Work request »
Set down the entries once more, exactly as given.

[Data excerpts]
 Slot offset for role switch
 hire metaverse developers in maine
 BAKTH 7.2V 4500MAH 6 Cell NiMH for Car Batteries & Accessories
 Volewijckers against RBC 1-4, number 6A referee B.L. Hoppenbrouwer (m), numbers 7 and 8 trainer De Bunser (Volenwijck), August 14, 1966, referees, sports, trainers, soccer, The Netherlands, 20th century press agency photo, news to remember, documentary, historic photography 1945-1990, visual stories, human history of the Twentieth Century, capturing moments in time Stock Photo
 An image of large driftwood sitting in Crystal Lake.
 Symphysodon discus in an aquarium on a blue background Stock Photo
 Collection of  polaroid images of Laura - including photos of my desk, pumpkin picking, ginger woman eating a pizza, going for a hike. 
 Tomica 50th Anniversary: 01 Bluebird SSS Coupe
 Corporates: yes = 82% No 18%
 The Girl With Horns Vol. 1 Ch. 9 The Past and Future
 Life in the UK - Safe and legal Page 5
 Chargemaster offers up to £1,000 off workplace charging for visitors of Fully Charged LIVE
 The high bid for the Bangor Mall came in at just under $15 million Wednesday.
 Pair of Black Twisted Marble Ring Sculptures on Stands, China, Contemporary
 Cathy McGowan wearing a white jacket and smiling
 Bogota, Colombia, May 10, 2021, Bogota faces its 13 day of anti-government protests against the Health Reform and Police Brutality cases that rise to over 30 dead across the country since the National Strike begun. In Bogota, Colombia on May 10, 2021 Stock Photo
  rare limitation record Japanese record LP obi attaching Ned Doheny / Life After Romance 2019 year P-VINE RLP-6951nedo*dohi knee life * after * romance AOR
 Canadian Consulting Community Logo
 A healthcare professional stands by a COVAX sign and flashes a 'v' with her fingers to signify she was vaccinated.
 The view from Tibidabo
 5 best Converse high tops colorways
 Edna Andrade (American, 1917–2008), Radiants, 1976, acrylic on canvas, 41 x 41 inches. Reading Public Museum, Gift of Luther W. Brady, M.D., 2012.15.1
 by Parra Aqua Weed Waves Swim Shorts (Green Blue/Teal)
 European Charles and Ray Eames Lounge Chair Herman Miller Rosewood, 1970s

Result »
 Slot offset for role switch
 hire metaverse developers in maine
 BAKTH 7.2V 4500MAH 6 Cell NiMH for Car Batteries & Accessories
 Volewijckers against RBC 1-4, number 6A referee B.L. Hoppenbrouwer (m), numbers 7 and 8 trainer De Bunser (Volenwijck), August 14, 1966, referees, sports, trainers, soccer, The Netherlands, 20th century press agency photo, news to remember, documentary, historic photography 1945-1990, visual stories, human history of the Twentieth Century, capturing moments in time Stock Photo
 An image of large driftwood sitting in Crystal Lake.
 Symphysodon discus in an aquarium on a blue background Stock Photo
 Collection of  polaroid images of Laura - including photos of my desk, pumpkin picking, ginger woman eating a pizza, going for a hike. 
 Tomica 50th Anniversary: 01 Bluebird SSS Coupe
 Corporates: yes = 82% No 18%
 The Girl With Horns Vol. 1 Ch. 9 The Past and Future
 Life in the UK - Safe and legal Page 5
 Chargemaster offers up to £1,000 off workplace charging for visitors of Fully Charged LIVE
 The high bid for the Bangor Mall came in at just under $15 million Wednesday.
 Pair of Black Twisted Marble Ring Sculptures on Stands, China, Contemporary
 Cathy McGowan wearing a white jacket and smiling
 Bogota, Colombia, May 10, 2021, Bogota faces its 13 day of anti-government protests against the Health Reform and Police Brutality cases that rise to over 30 dead across the country since the National Strike begun. In Bogota, Colombia on May 10, 2021 Stock Photo
  rare limitation record Japanese record LP obi attaching Ned Doheny / Life After Romance 2019 year P-VINE RLP-6951nedo*dohi knee life * after * romance AOR
 Canadian Consulting Community Logo
 A healthcare professional stands by a COVAX sign and flashes a 'v' with her fingers to signify she was vaccinated.
 The view from Tibidabo
 5 best Converse high tops colorways
 Edna Andrade (American, 1917–2008), Radiants, 1976, acrylic on canvas, 41 x 41 inches. Reading Public Museum, Gift of Luther W. Brady, M.D., 2012.15.1
 by Parra Aqua Weed Waves Swim Shorts (Green Blue/Teal)
 European Charles and Ray Eames Lounge Chair Herman Miller Rosewood, 1970s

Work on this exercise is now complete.